Has anyone ever used a hot knife before? I would like to use one to cut out patches so that they don't fray. 

Please no fray block advice, just hot knife.


----------



## Kim_t2_au (May 24, 2010)

Hi Marc

I have used a hot knife to cut synthetics when I was embroidering embellishments for handbags. Not sure what you want to know, but am happy to answer questions. My only real comment is that it takes practice to determine how fast you need to move the knife so that the fabric melts rather than burns. Also it leaves a tough edge regardless of how fast / slow you go.

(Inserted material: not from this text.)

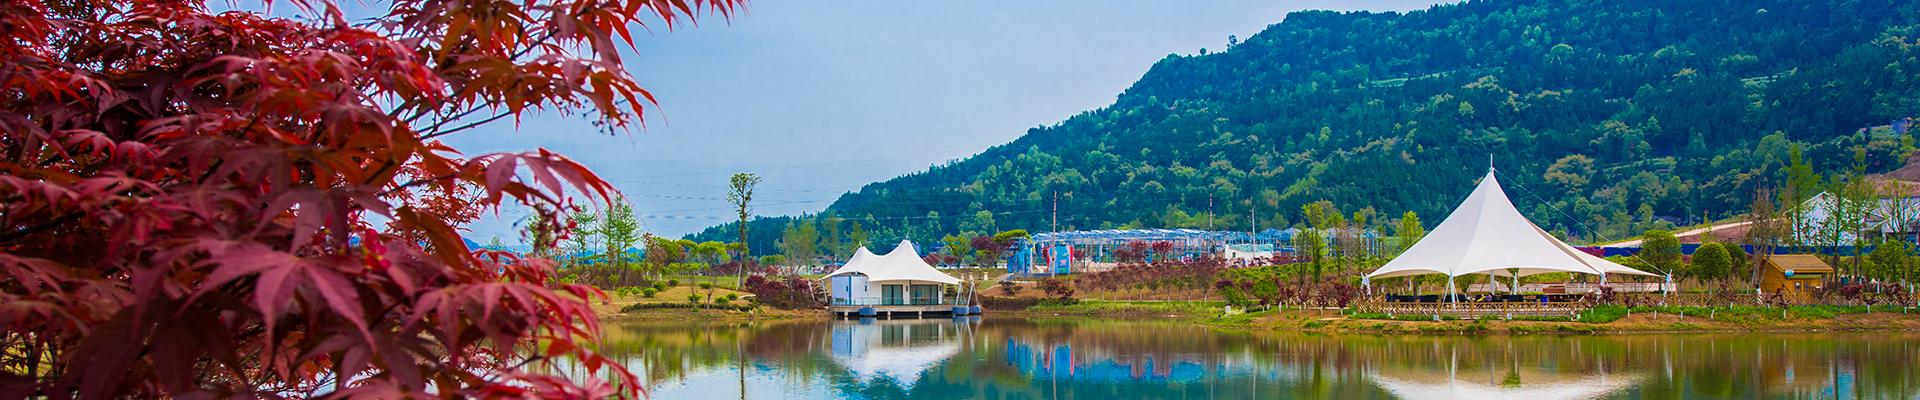 七彩佛龛国家AAAA级旅游景区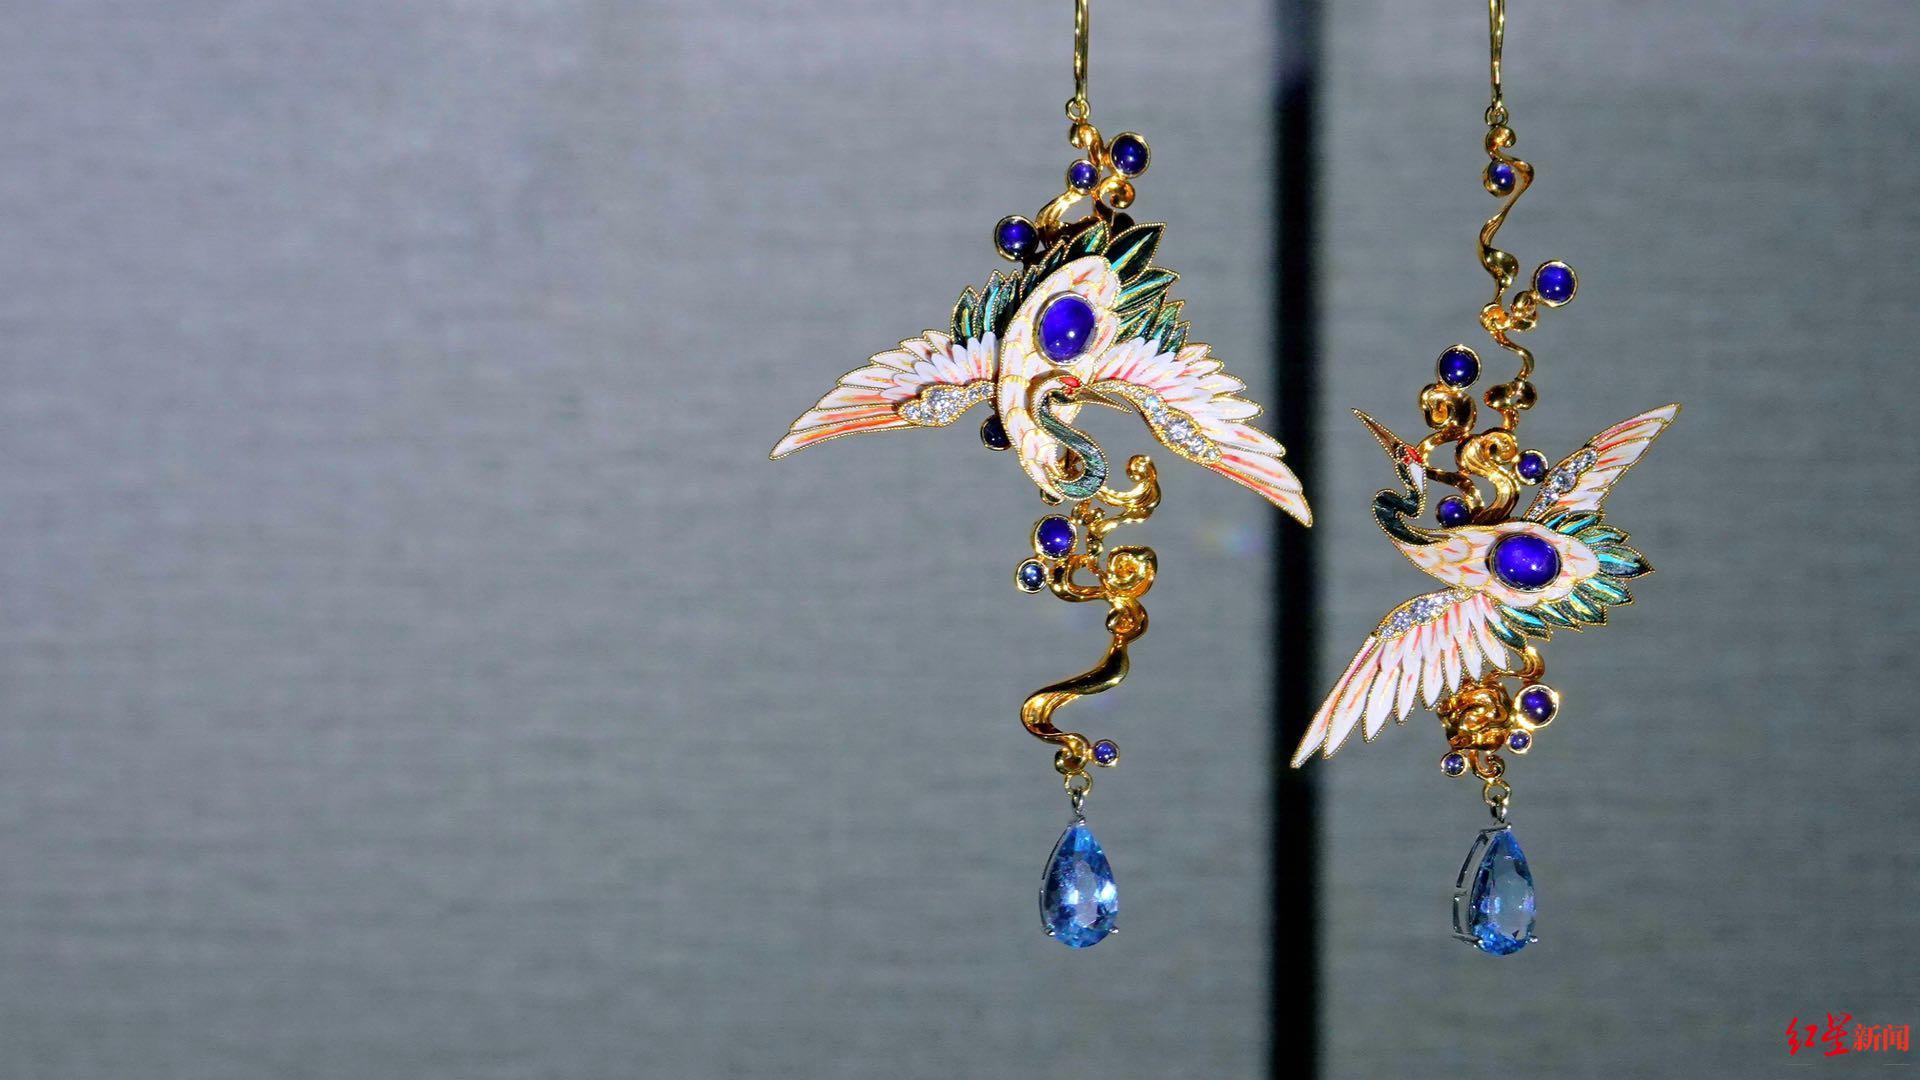 使用替代物品制作的点翠首饰。图据焕鸾古典珠宝首饰工作室

Oh yes, make sure you use the hot knife in a well ventilated area as the fumes stink!

Kim


----------



## Buechee (Dec 22, 2005)

What brand do you use?


----------



## FatKat Printz (Dec 26, 2008)

I have the one from Colman and Company..Patch Kit - White: Colman and Company - Discount Commercial Embroidery Supplies - Machine Embroidery Supplies Catalog

its takes some getting used too.. its doesn't have a heat gauge its just one temperature. Its diffidently something you want to do on minimal orders. Alway make extra patches.. cause one slight move of the wrist and you can cut the patch.


----------



## myfinishingtouch (Nov 21, 2009)

We use a hot knife we got from Hobby Lobby or Michaels. I cant remember which, but the brand name on the hot knife is Walnut Hollow -- it has an exacto blade you can insert. I broke the tip of the exacto blade do I had a bigger flat tip to work with. I just finished hot knifing about 80 patches two nights ago. What I do is (and it's a pain in the behind) is to cut close to the stitches with some scissors trying to leave about 1/16" of material proud of the stitches. Then I go along the edge with the hot knife. As previously mentioned you need to practice to get a feel for how fast you can move the knife along the edge. Too slow and the material melts too much and you run the risk of melting into the stitches. To fast and you don't really do anything. But just right and it melts everything to within 1/32" of the stitches. Don't touch the stitches or they'll split apart.


----------



## Kim_t2_au (May 24, 2010)

Sorry, don't know what the brand of mine is. I picked it up in Thailand some years ago and it doesn't have a brand on it.

Kim


----------



## Buechee (Dec 22, 2005)

Okay, after going to Colman's, I know where I can get that locally. I will work on it this week. Hope I get good fast.


----------



## bakaichi (May 1, 2007)

i just use a 60w Soldering iron for the job~

pertty much the same thing


----------



## myfinishingtouch (Nov 21, 2009)

It really is the same thing as a soldering iron. It helps to have a flat surface like a scalpel though.


----------



## ataichin (Jun 12, 2017)

any faster way for mass production ?


----------